### Data block
********************

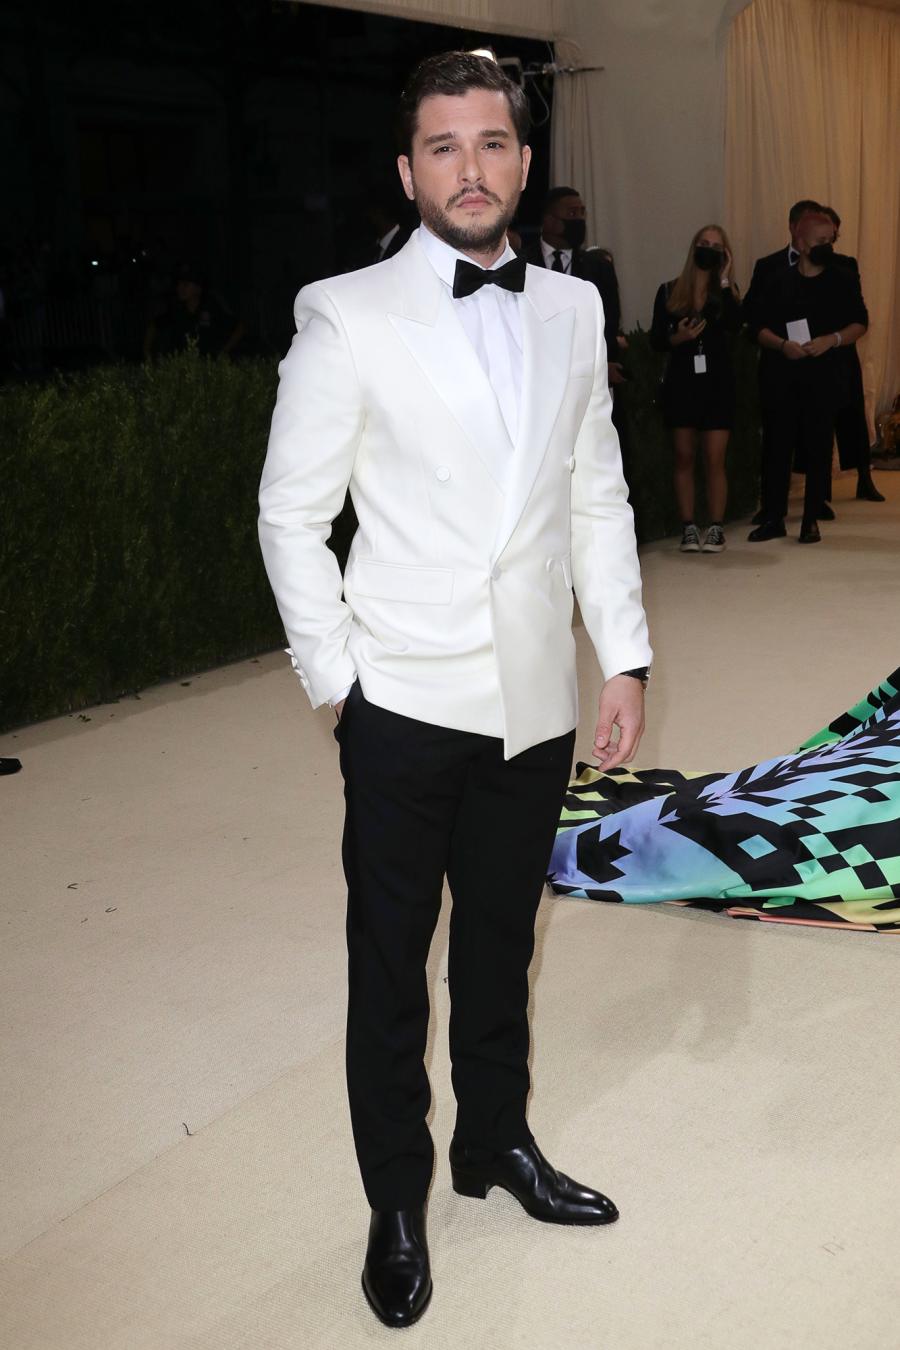 These Were the 10 Best Dressed Men at the 2021 Met Gala
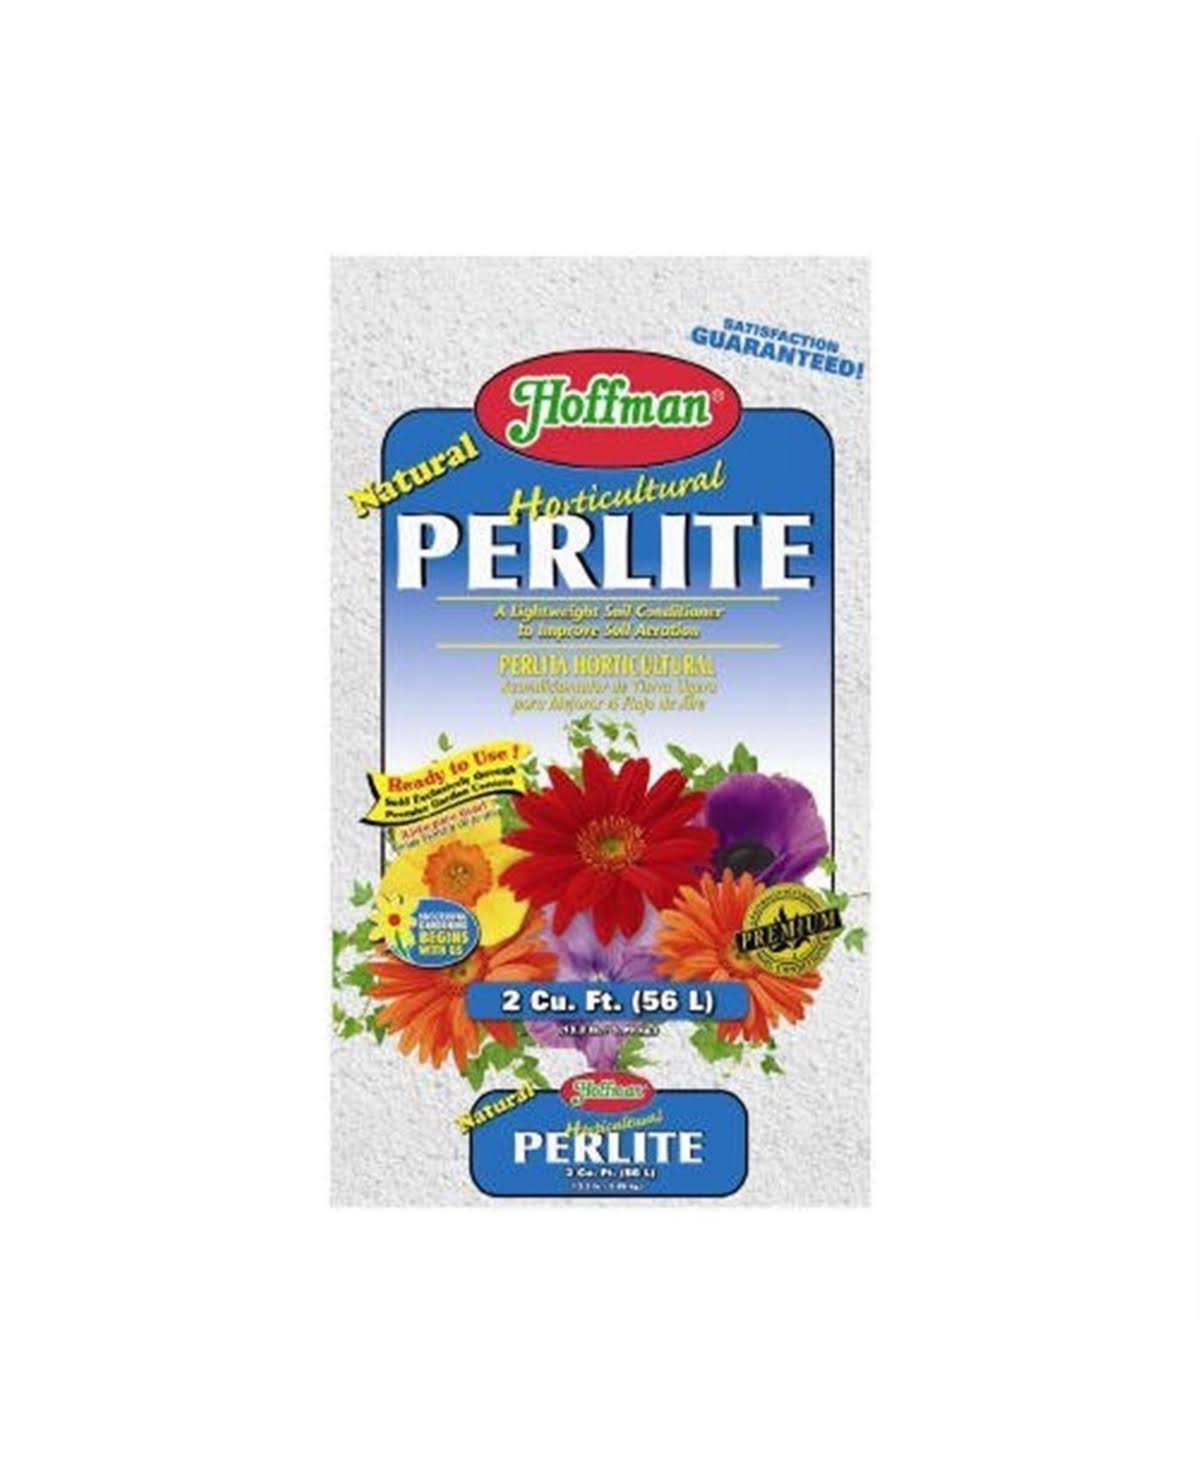 Good Earth Hoffman Horticultural Perlite Soil Conditioner - 2 Cubic Feet
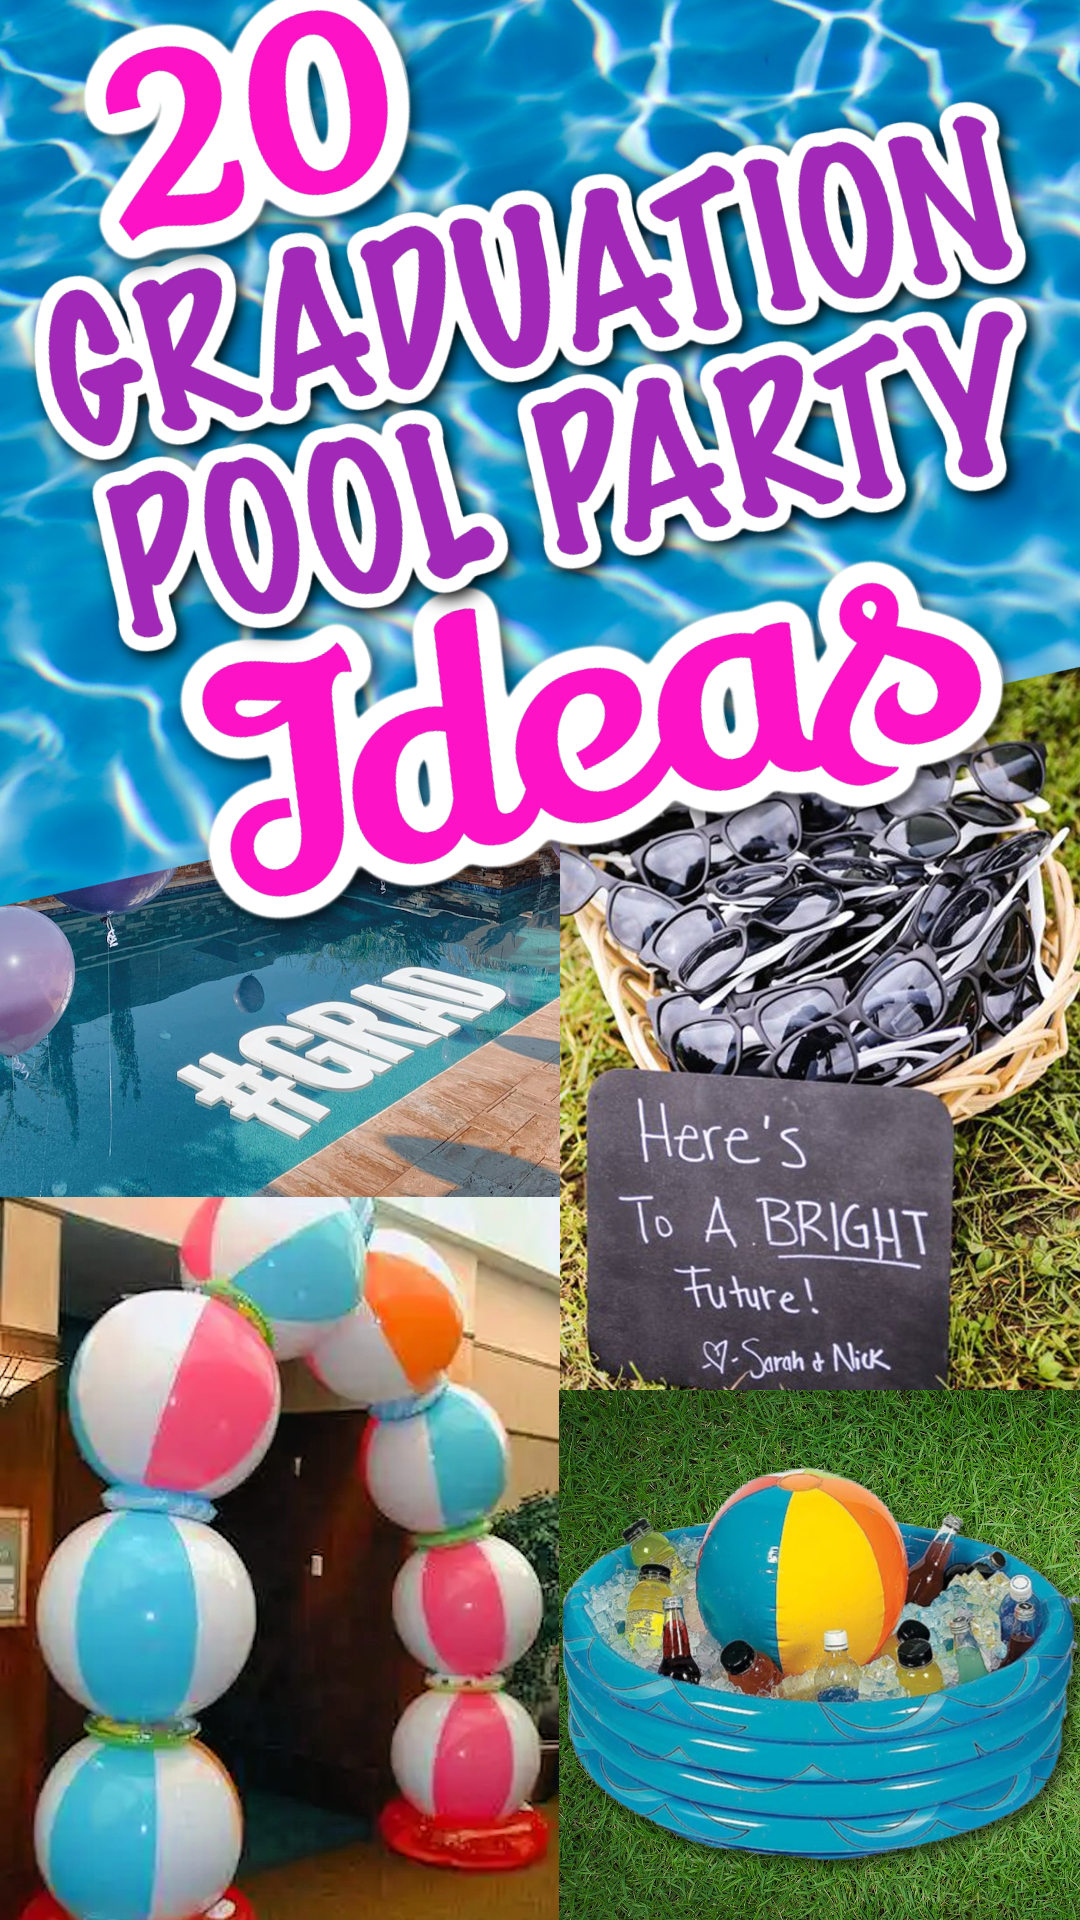 a collage of grad pool Party ideas including beachball themed foods and party decor, grad pool decoration and food ideas.

********************

### Task instructions
Only the text of the listing above should be copied, exactly and with pictures left out.

### Completed task
 These Were the 10 Best Dressed Men at the 2021 Met Gala
 Good Earth Hoffman Horticultural Perlite Soil Conditioner - 2 Cubic Feet
 a collage of grad pool Party ideas including beachball themed foods and party decor, grad pool decoration and food ideas.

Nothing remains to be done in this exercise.